-- AVAILABLE DATA follows --

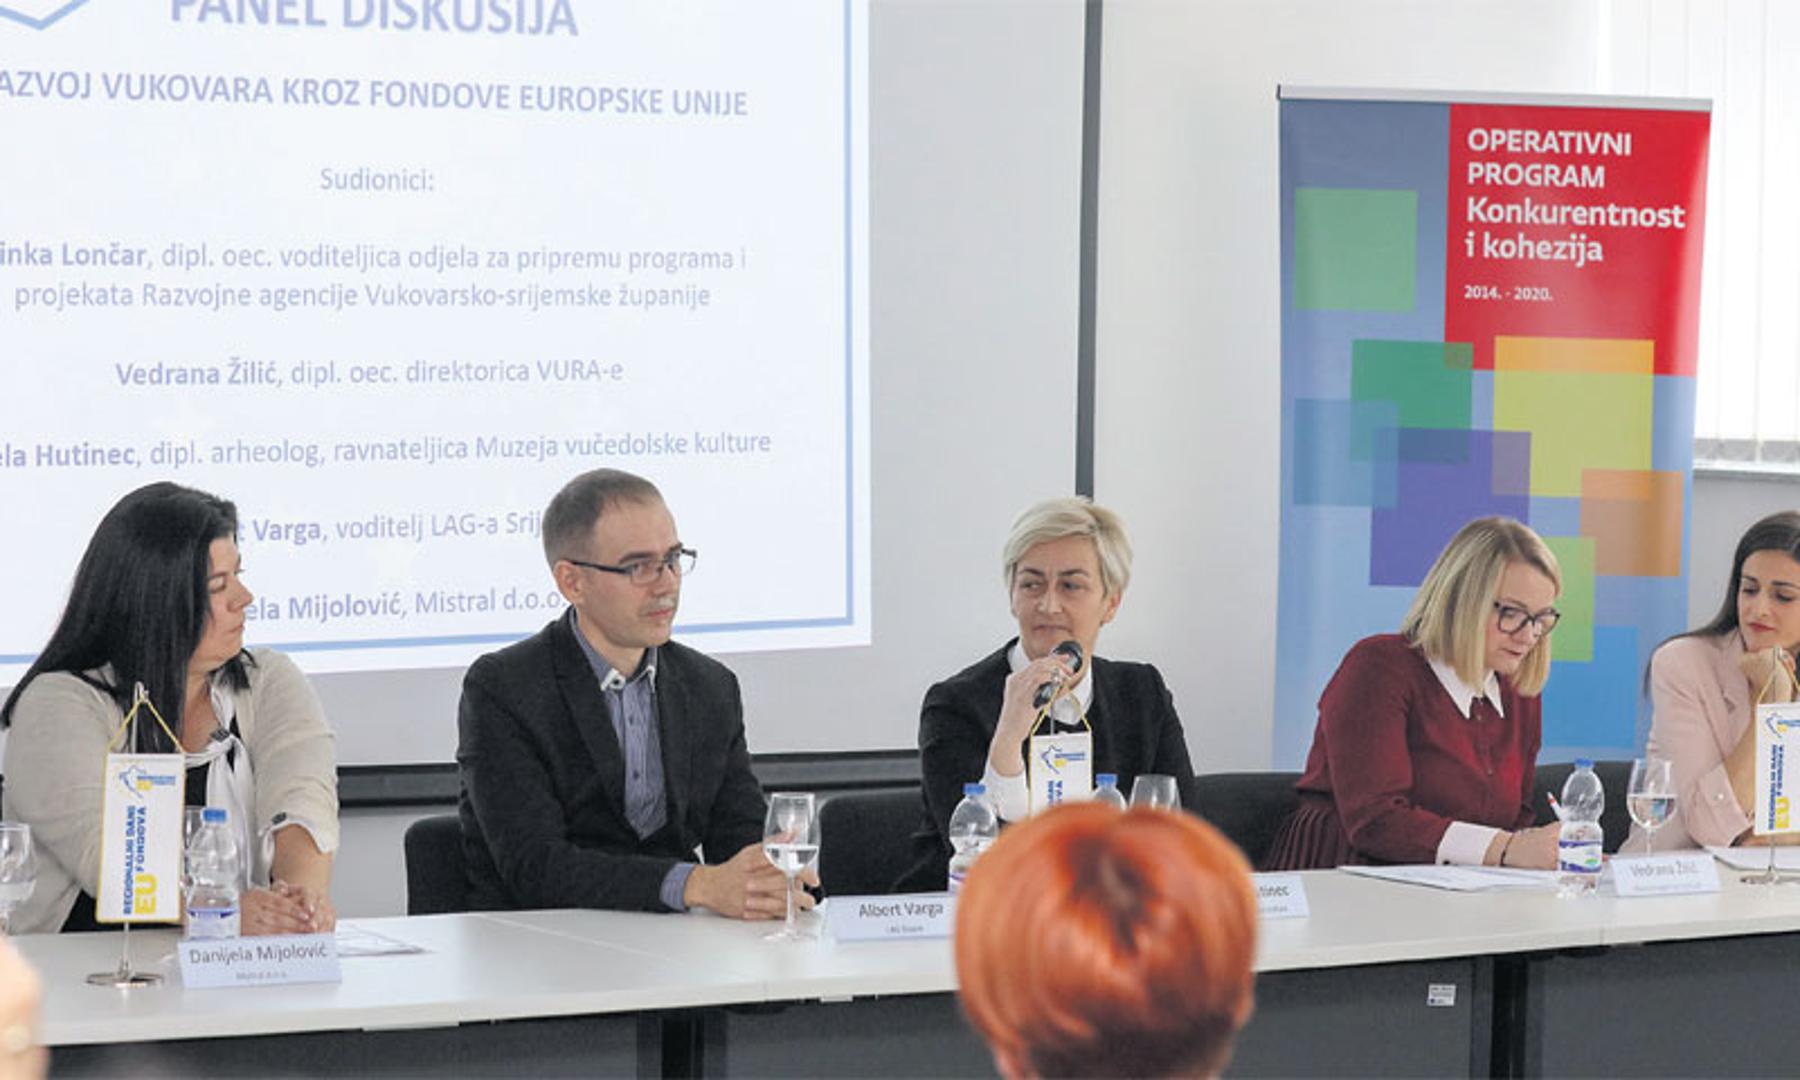 Danijela Mijolović, Albert Varga, Mirela Hutinec, Vedrana Žilić i Zrinka Lončar na raspravi u Vukovaru
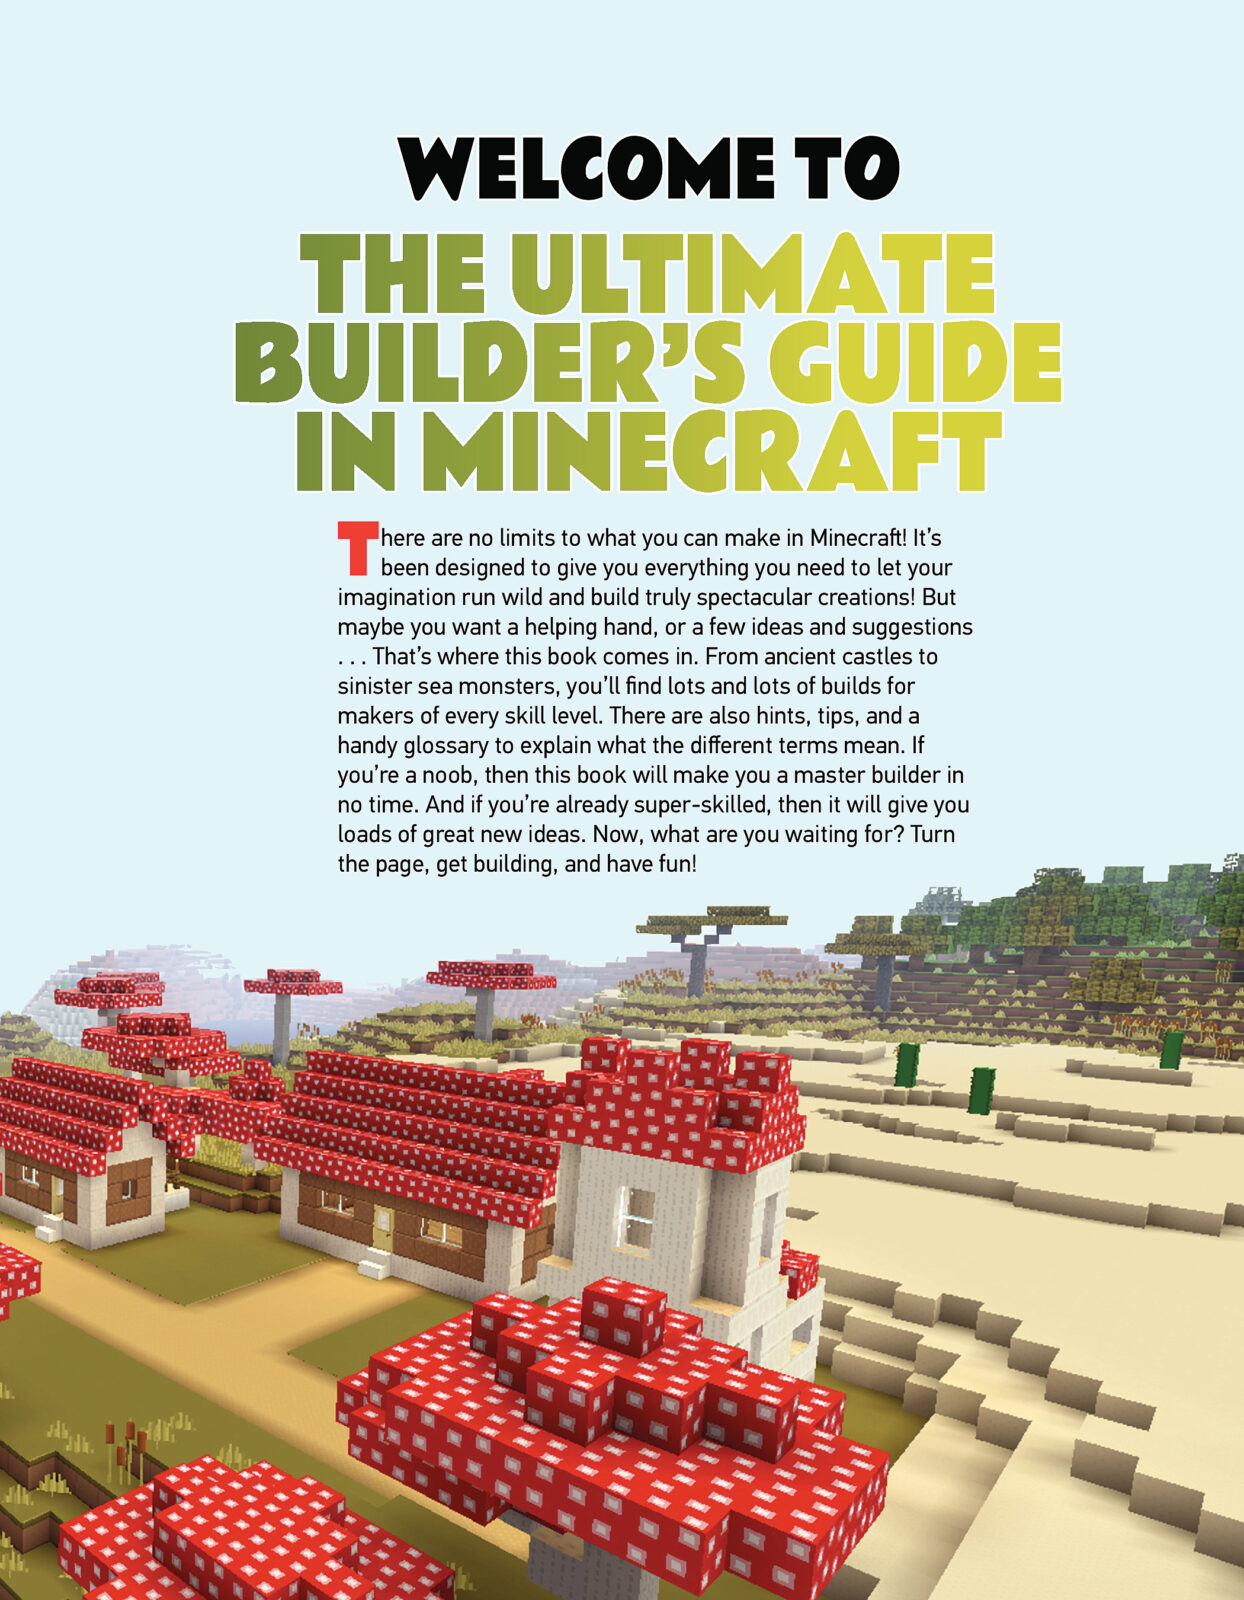 Minecraft - Le guide du builder Pas Cher
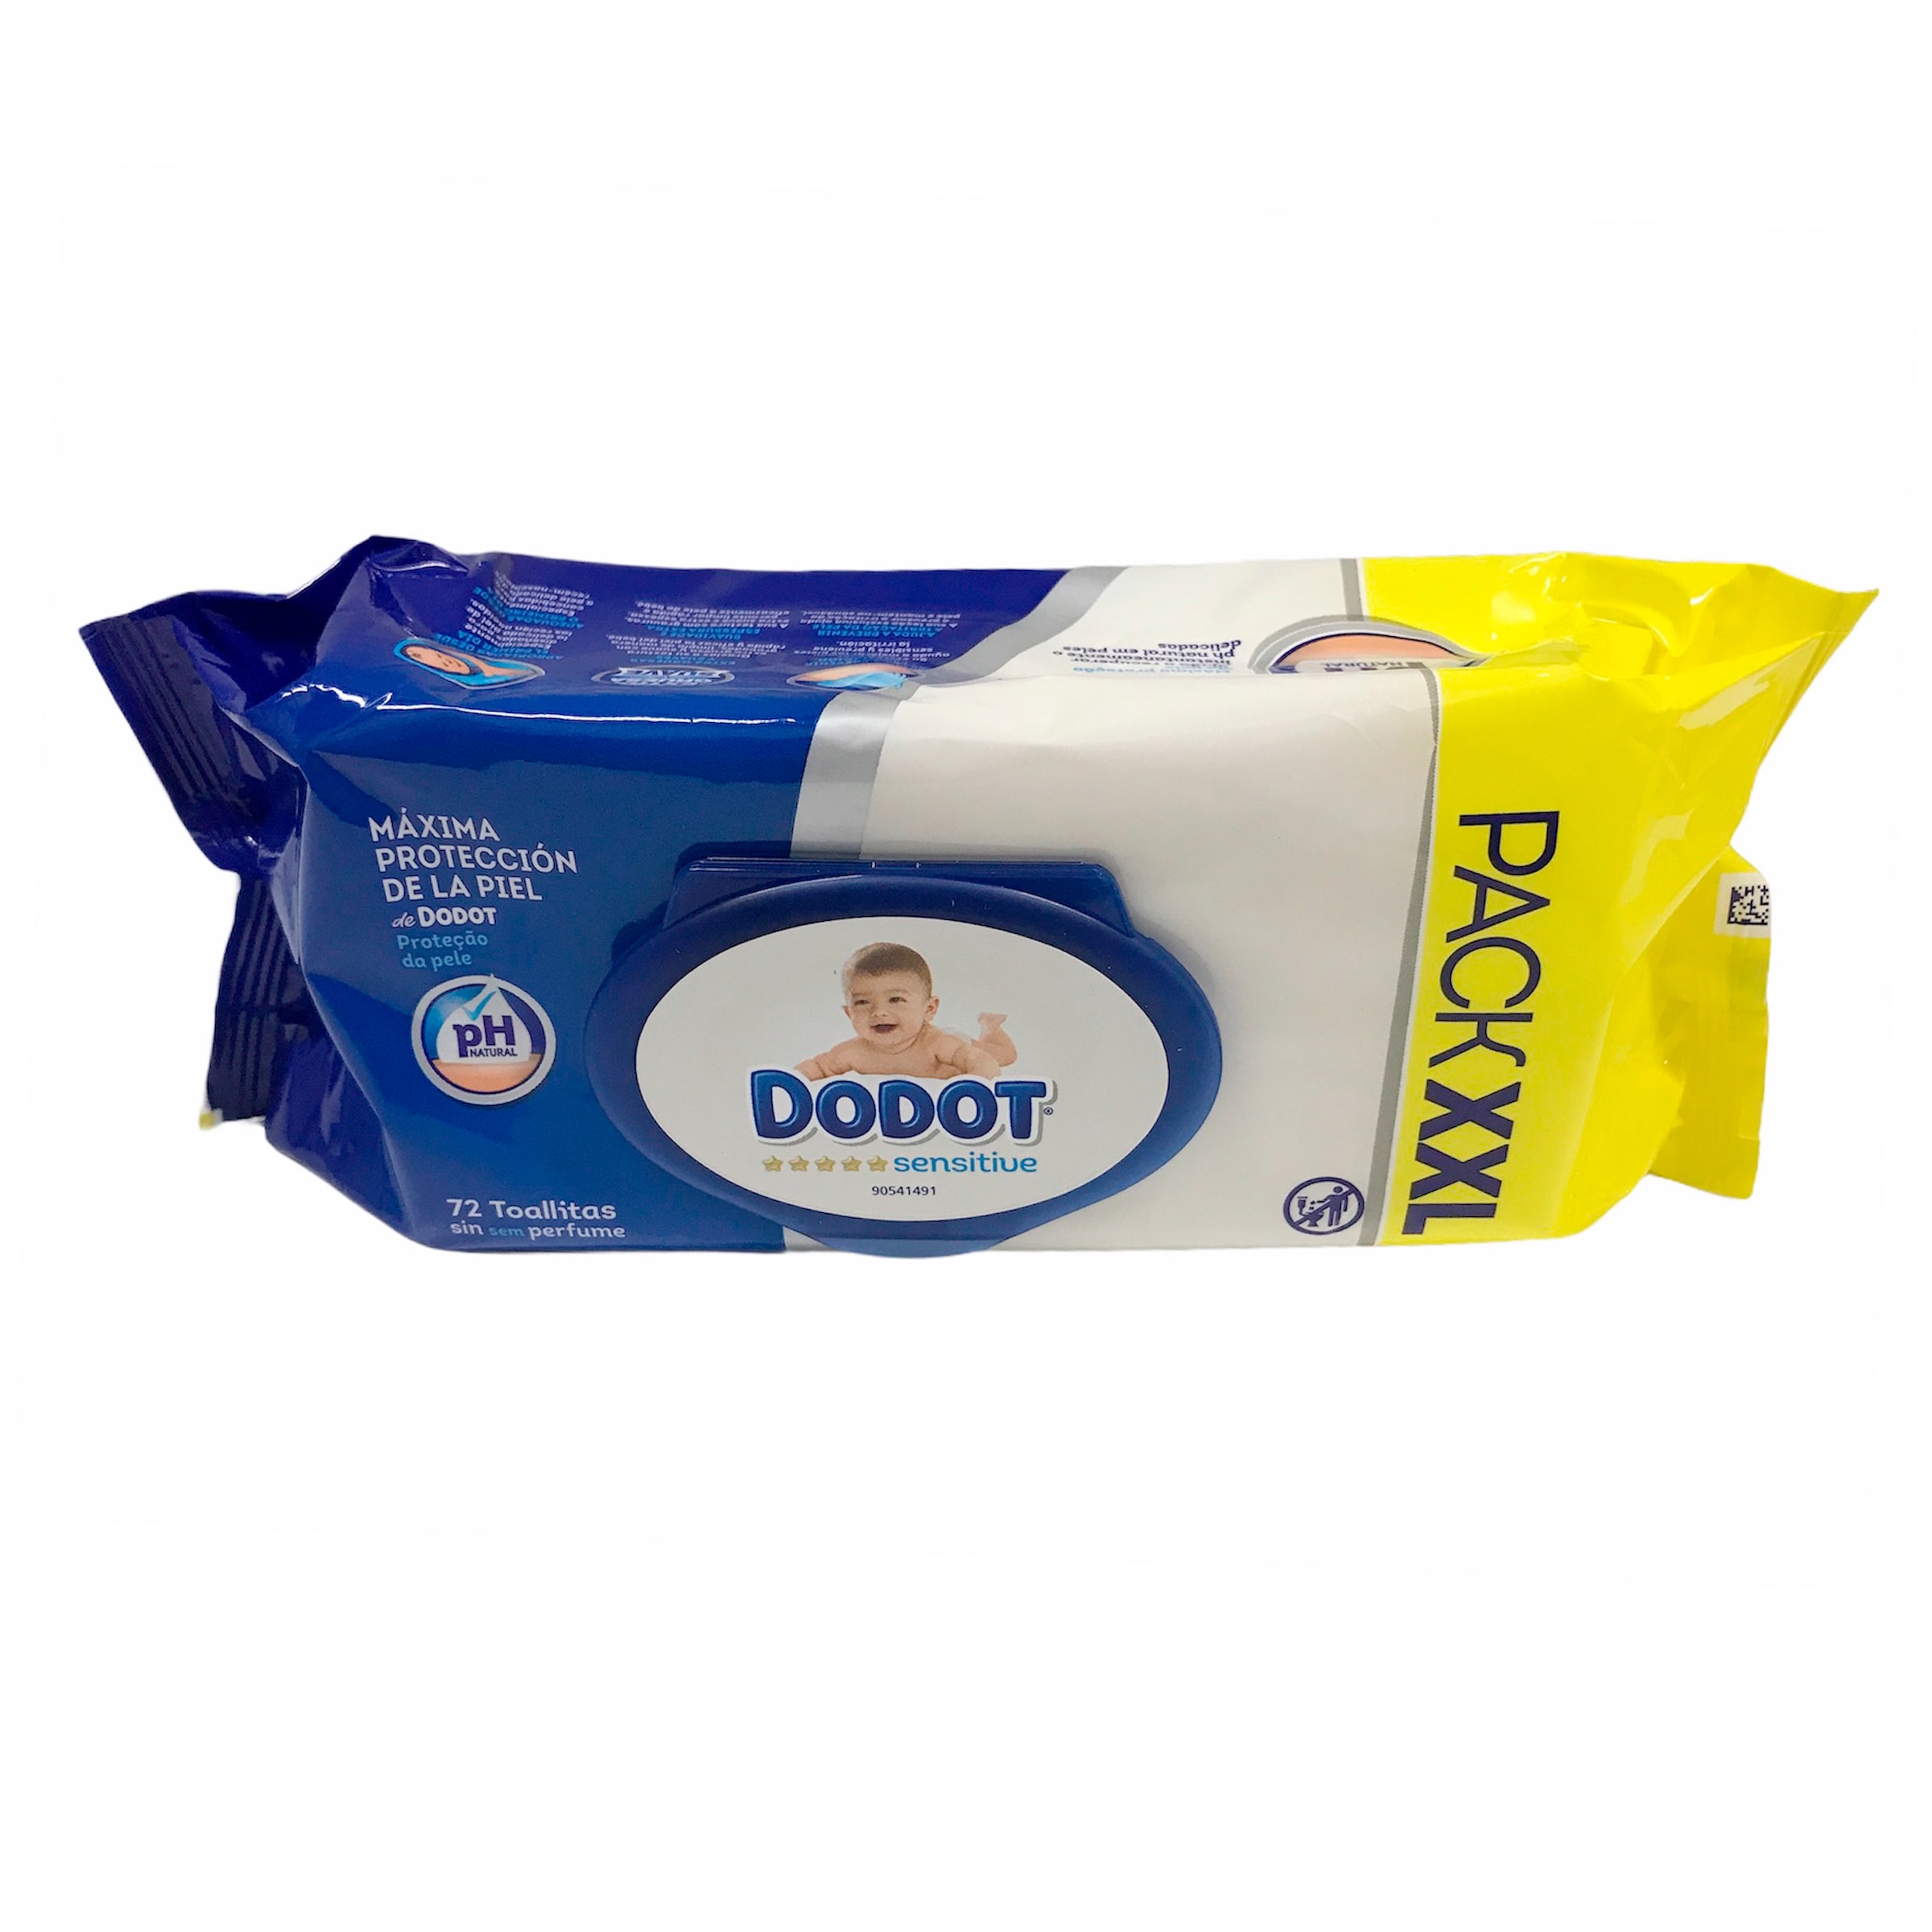 Toallitas para bebés Dodot bolsa 72 unidades - Supermercados DIA
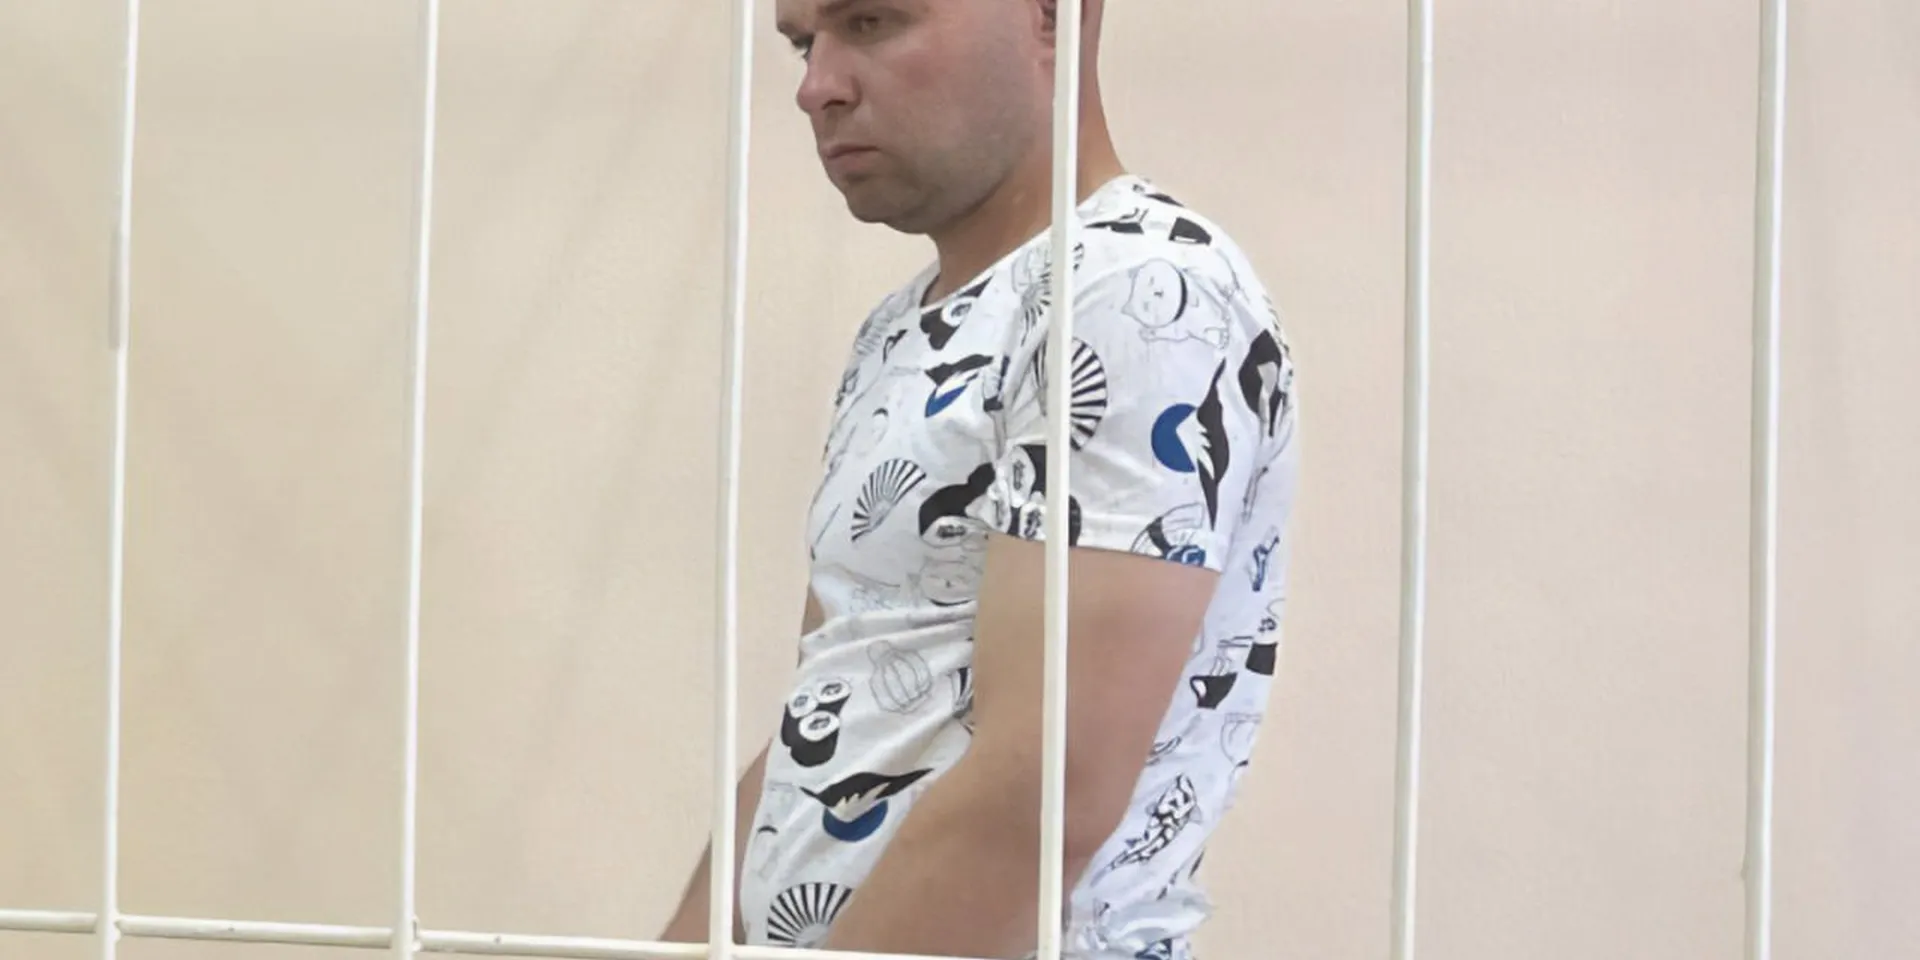 Арестованного по делу о взрыве на НПЗ в Самаре уроженца Украины Сергея Окрушко ежедневно вывозят в ФСБ. Правозащитники считают, что его там регулярно подвергают пыткам

-- AVAILABLE DATA concluded --

*TASK DETAILS*. Please reproduce all the material exactly. Pictures stay out of the copy.

*ANSWER TO THIS PROBLEM*.
 Danijela Mijolović, Albert Varga, Mirela Hutinec, Vedrana Žilić i Zrinka Lončar na raspravi u Vukovaru
 Minecraft - Le guide du builder Pas Cher
 Toallitas para bebés Dodot bolsa 72 unidades - Supermercados DIA
 Арестованного по делу о взрыве на НПЗ в Самаре уроженца Украины Сергея Окрушко ежедневно вывозят в ФСБ. Правозащитники считают, что его там регулярно подвергают пыткам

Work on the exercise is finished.